Is this right or wrong? The idea that business advisers using AI to find intelligence worth finding?
AI is best at automating predictable, repetitive and simple decisions. They may be of critical importance like medical diagnosis but that follows a simple decision tree branching yes/no process. Prognosis is where it gets more complex and the health professional takes over.
Most insurers access only a small percentage of the data they collect- maybe 20% if one is optimistic. Will AI help access, join and analyse the remaining 80%? Not without the data. No data, no model.
In Fraud Analytics, Detection and Prevention AI is still woefully short of all the data it needs to detect fraud, hence the high 25% white noise. AI rarely gets the volume of data needed to effectively train the AI to a model that would work. Even the simplest of image detection processes could take 72 hours to run over a daily image workload until the model is stable enough to be reliable. This could take months if not years.
If AI today were so ubiquitous then police forces, HMRC in UK and IRS in USA would have no need for investigators.
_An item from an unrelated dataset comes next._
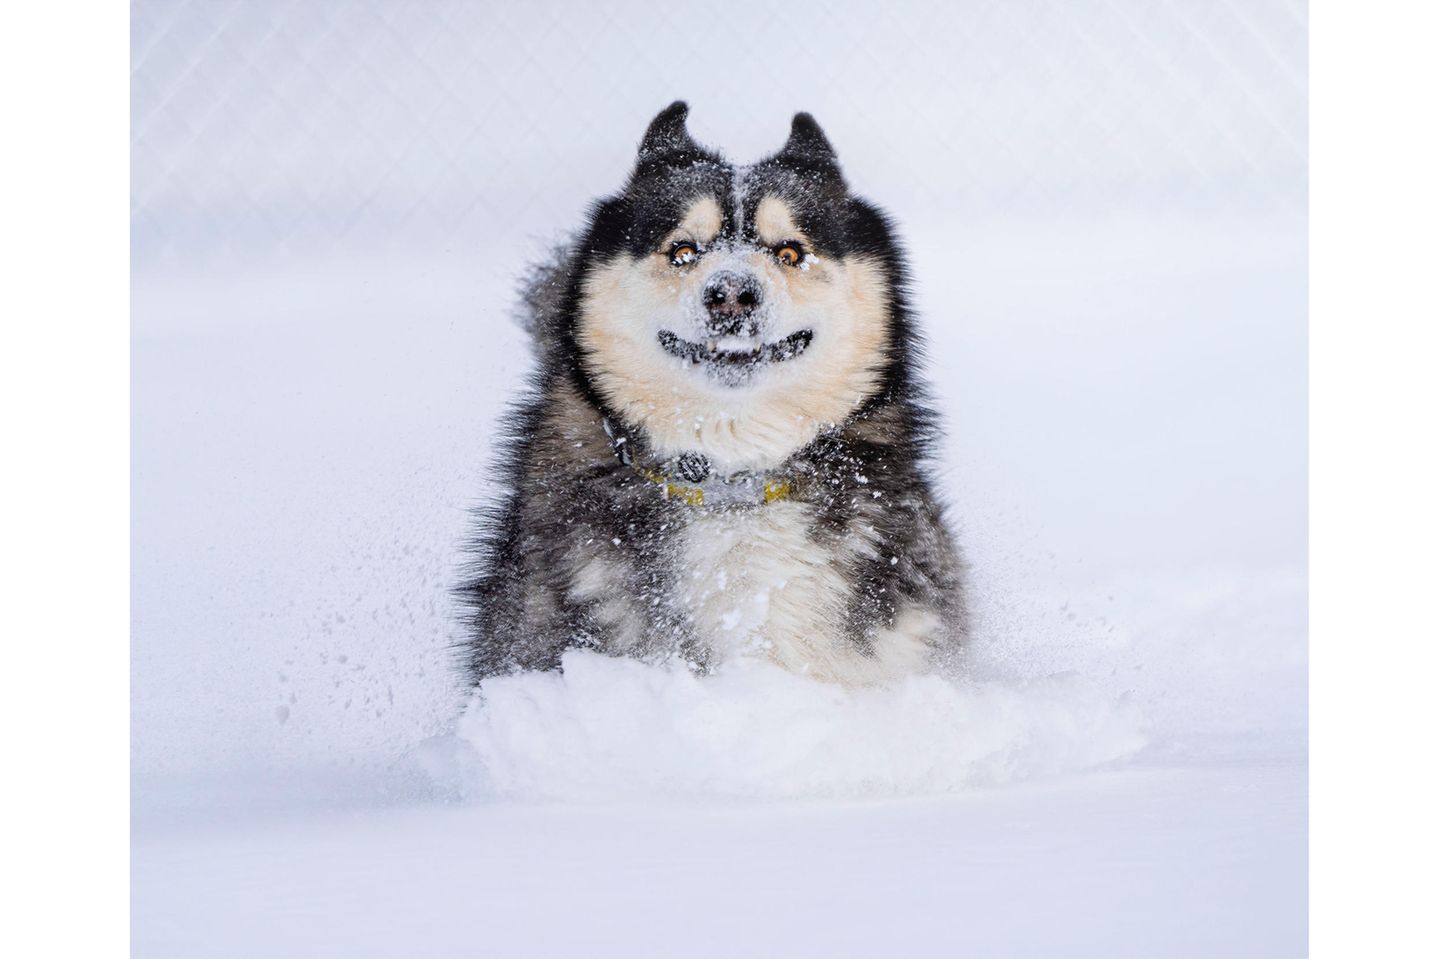 Carter sollte eigentlich getötet werden. Sein zukünftiger Besitzer flog von den USA nach Kolumbien, um ihn zu retten. Um so größer die Freude für beide, als der Hund das erste Mal Schnee erlebte.

They would just apply AI and track all criminals, tax evaders.
In fact it is more nuanced than that as they use investigative tools like 360Retrieveto access, join and analyse data. That is not enough as this must be combined with the enormous capabilities of sceptical (of human nature) investigators to test assumptions, test intuition with a mix of technology and human intuition.
Maybe part of the problem is the term AI. This seems to cover a continuum from application of simple algorithms, through machine-learning and RPA to full blown deep-learning and an increasing and unfathomable and automated decision making.
To add to the mix is the constraint of GDPR- data supplied by individuals can only be used for the purpose agreed. Google and the NHS have already got in to deep water by forgetting this in the application of deep-learning to NHS patient data (even though it was anonimized).
AI is a servant of the business and not a leader. It has inbuilt bias from the human originators of algorithms and from the rules specifying deep learning processes.
And as always data is at the heart of this argument. Without the breadth and depth of data AI is a dangerous tool. Master Data Management is as important as ever.
Nicholas Taleb's "Black Swans" should teach us that the improbable is the tipping point for many a disruption. The improbable is hard to predict and AI may be a barrier to spotting black swans before they land.
It is a beguiling idea but is it putting the AI cart before human intuition? : -
"If business advisers can further what is right, to get insurers to more easily and expeditiously do the right thing before challenges arise, the insurance industry will benefit as a whole. If AI can substantiate what a business adviser recommends, if that recommendation is brief yet bold, if that business adviser can prove his recommendation is right, an insurer can succeed."
Lewis Fein Insurance Thought Leadership March 29th 2019
More to the point, business advisers are an independent class—hence their advisory role—in which they do much more than translate data into reports. They use artificial intelligence (AI) to find intelligence worth analyzing. They use intelligence to advance wisdom, because it takes skill to convert ones and zeros into a message that is as concise as it is compelling; it takes a different class of advisers to actualize a future that is close but hard to see; it takes verbal facility and visual acuity to present the future—to make the future present—for the insurance industry.